Carl brought an honesty and vulnerability to our talk in examining struggles on the spiritual path in his interview on the Discovery of Mindfulness podcast episode. After examining the path of three Western authors who found Dhamma in Asia in the 1950s to 1970s, Carl brings himself in as a fourth character and looks at his own journey in a later generation. Following is a snippet of what he shared.


And eventually, I stopped meditating, and I just let go of that feeling that I needed to have this kind of progress.
— Carl Stimson

“At first it was the advice I was telling myself, I was just like, 'Well, you know, this will pass and I just need to re-dedicate myself or work harder or things like that.'

And after a while, you just kind of wonder, like in the Goenka tradition, they talk about storms that come. And storms are these kind of periods of extreme difficulty in your practice. And so I was constantly wondering, 'Is this just a storm or maybe like a weather system that is just floated over me, and is going to be here for years. And if I don't keep working at it, it's just going to stay forever?' And so therefore, that advice of just like keeping working, is what it was.
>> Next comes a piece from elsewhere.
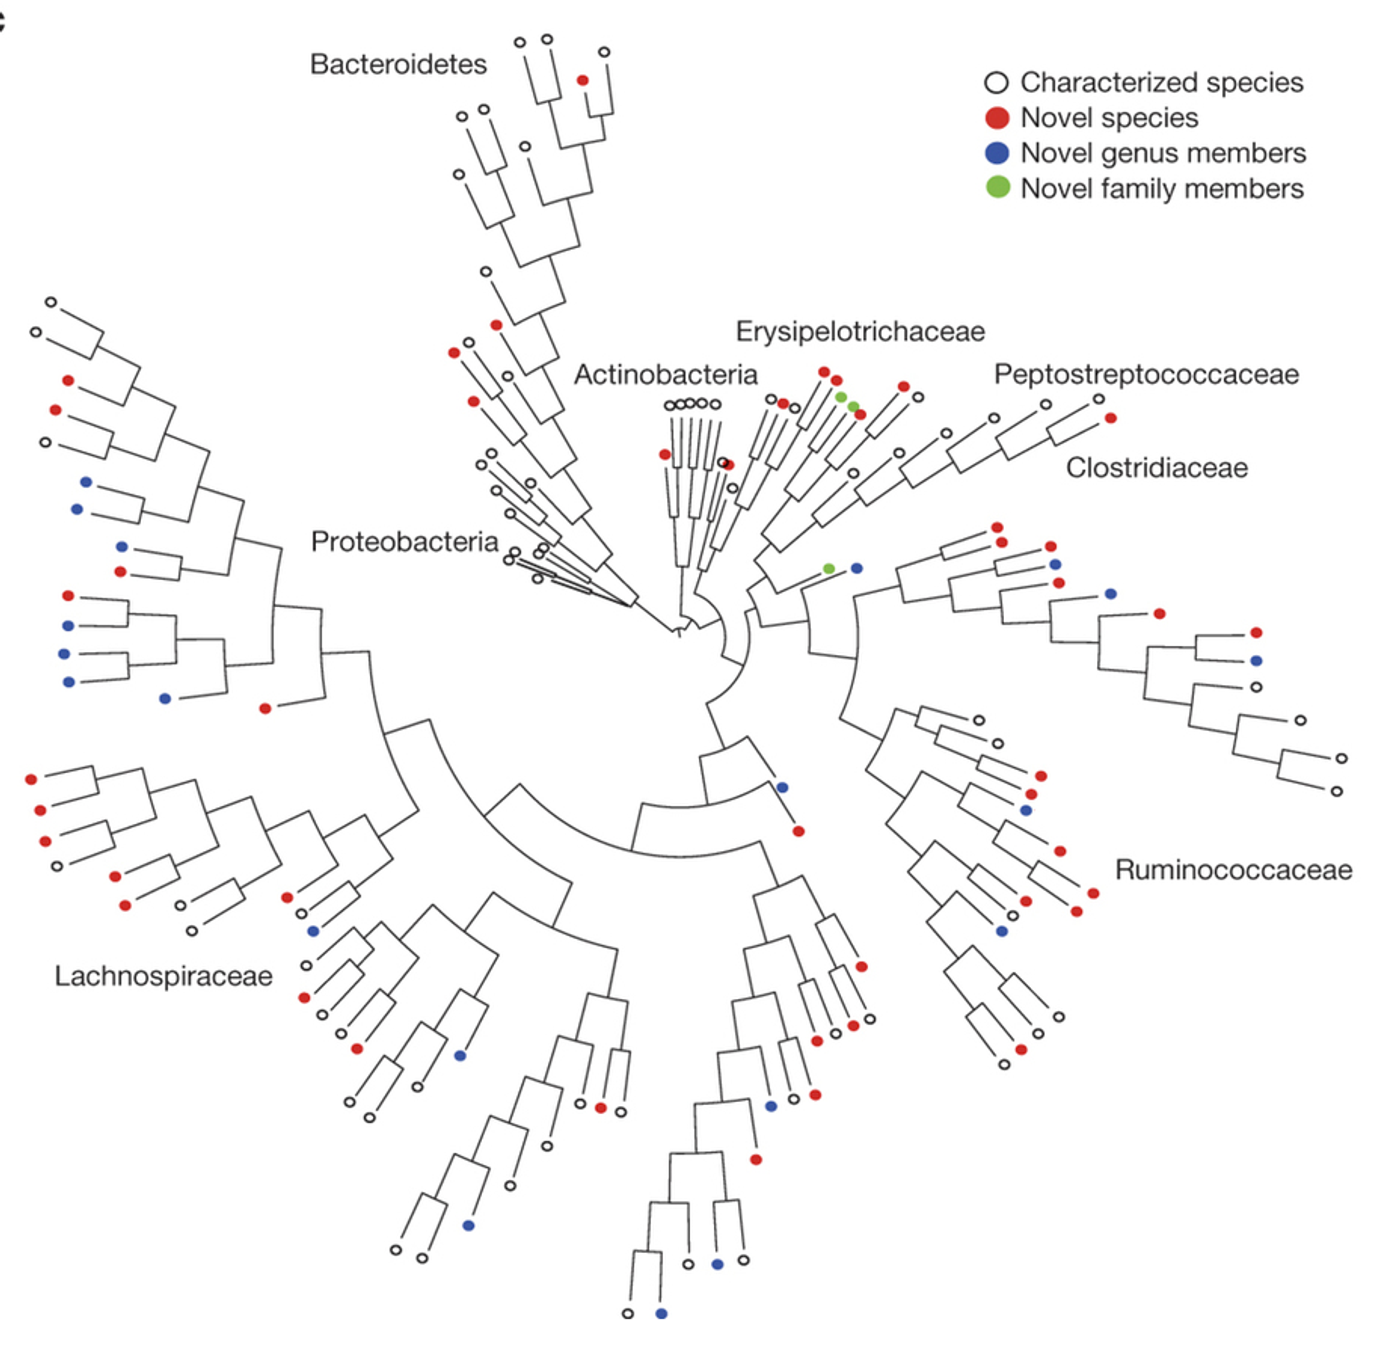 Phylogenetic tree of bacteria cultured from the six donors constructed from full-length 16S rRNA gene sequences. Novel candidate species (red), genera (blue) and families (green) are shown by dot colors. Proteobacteria were not cultured, but were included for context.

And I think what I eventually figured out is that, those things pass, everything passes, I mean, that's kind of the basic teaching, like everything passes, and that feeling was going to pass, kind of no matter what I did. Like if I worked really hard, eventually it was going to pass in some way. And if I stopped working, it was going to pass, probably in a different way.

And so that was kind of was kind of a funny thing to realize, because it was kind of different from the sankhara model where you have this solid defilement that is just not going anywhere, unless you shine the light of vipassana on it really firmly. And there's definitely something to that model, there's great value in sitting down and examining your mind for long periods.

But also, the mind just changes, in a lot of ways it's not under our control. And this advice, thinking that it wasn't going to change unless I worked at it, was kind of flawed in a way, because it was going to change no matter what!

And eventually, I stopped meditating, and I just let go of that feeling that I needed to have this kind of progress. And that I think was really more of what made the cloud lift, is just the letting-go!

And I understand that is part of the teachings of any kind of Buddhist tradition. But I do think that sometimes that those kind of core approaches of just letting go, and not being attached, gets subsumed by specific techniques. And this is not limited to the Goenka tradition at all.

Like, you think that you have this tool that you need to apply to this problem over and over. And the tool is supposed to be useful, but it's not really the tool itself that you're using, it's the underlying principles that cause that tool to work in these circumstances. And I think in some ways, I lost sight of the circumstances and was concentrating on the tool.”